The prediction results of the CBR model for optimization are generally consistent with those from the CFD simulations, although minor discrepancies still exist. The difference in the underlying principles between the two methods may be the cause of this discrepancy. CFD simulations model the interaction of the fluid with the ship’s surface to obtain resistance, dividing the hull into a large number of fine meshes to capture the mechanical characteristics of the fluid, which makes the results of CFD simulations very accurate. In contrast, the CBR model establishes a mapping relationship between hull parameters and ship resistance based on training data and constructs a specific mathematical model to predict ship resistance. Therefore, compared with CFD simulations, the CBR model tends to focus more on the overall trend for more complex nonlinear issues, with differences in detail. Training data are usually derived from CFD simulation results, and in practical scenarios, it is difficult to obtain resistance responses for all possible combinations of ship parameters. However, the CBR model offers significant advantages in terms of computational costs and time requirements. CFD simulations typically involve large computational loads, requiring substantial resources and time, whereas the CBR model allows for rapid predictions, thus improving production efficiency in practical engineering. For example, in this study, the CFD method takes up to 6 h to compute the results for a single sample. Ref. [
16] also mentioned that using the viscous flow solver to solve the total resistance coefficient requires 175,000 s. In contrast, the CBR model offers significant advantages in computational cost and time, typically requiring only a few tens of seconds for iteration. This helps improve production efficiency in practical engineering applications. Although there are differences between the CBR model and CFD simulations, when the error requirements are met, this can be viewed as a trade-off between accuracy and speed.

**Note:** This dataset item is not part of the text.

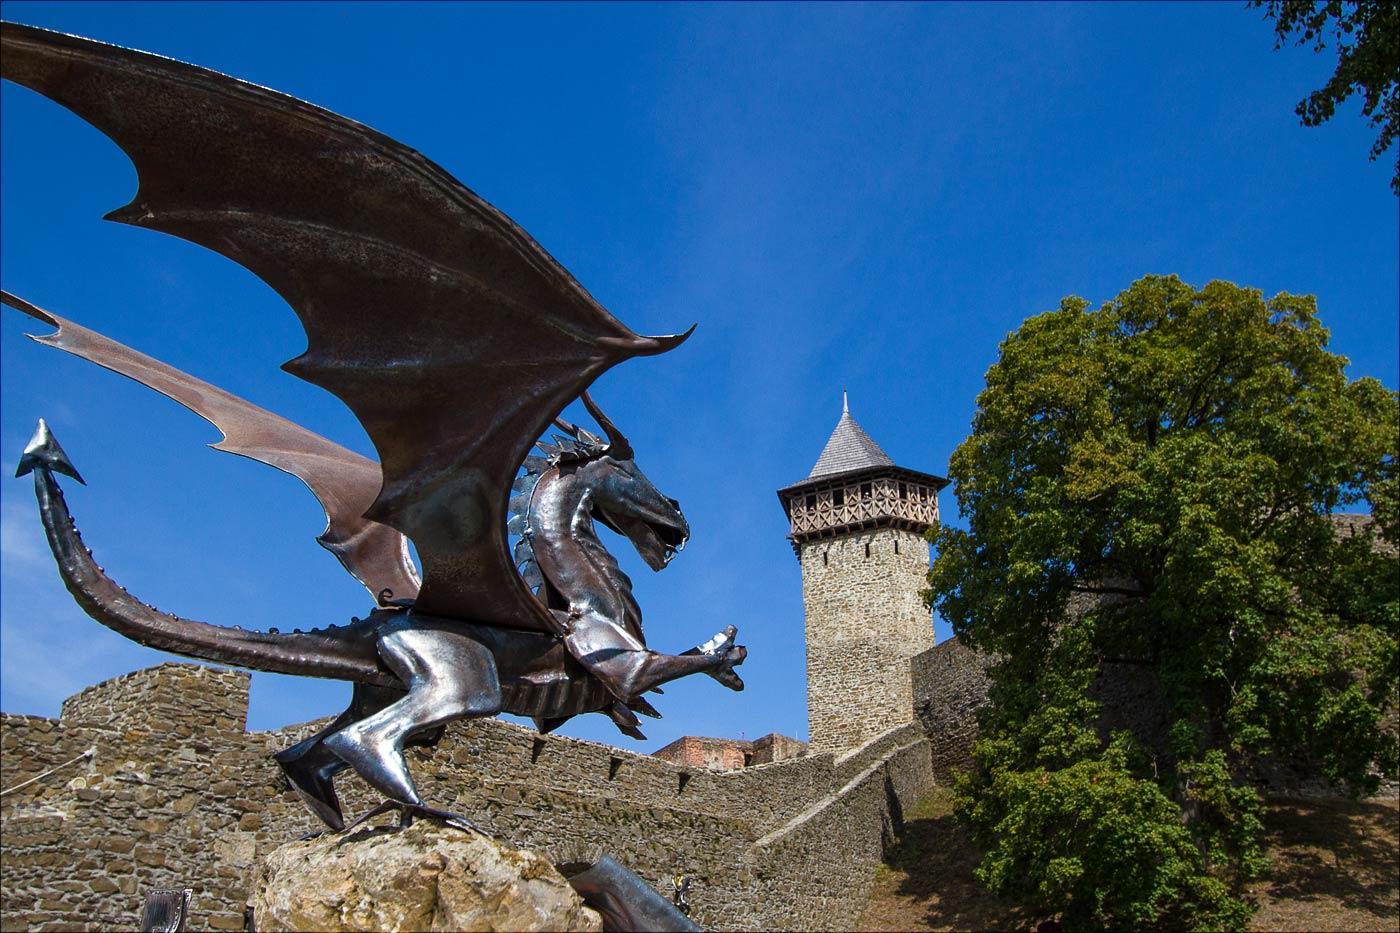 http://countryczech.com/wp-content/uploads/2015/09/photos/20150828-130925_Moravia_Hrad_Helfstyn.jpg

This study examined the impact of bulbous bow design on resistance under ideal conditions. Excessively low resistance may indicate a non-traditional hull shape, which could adversely affect the ship’s seaworthiness and stability. When designing the hull, it is necessary to consider the balance between resistance and the economic efficiency of the ship. During navigation, environmental factors such as wind and sea waves also influence the total resistance of the hull, particularly during high-speed sailing, where these factors introduce additional constraints in resistance calculations. Consequently, predicting ship resistance under multiple constraints, along with multi-objective optimization of resistance and other performance metrics, is a promising direction for future research.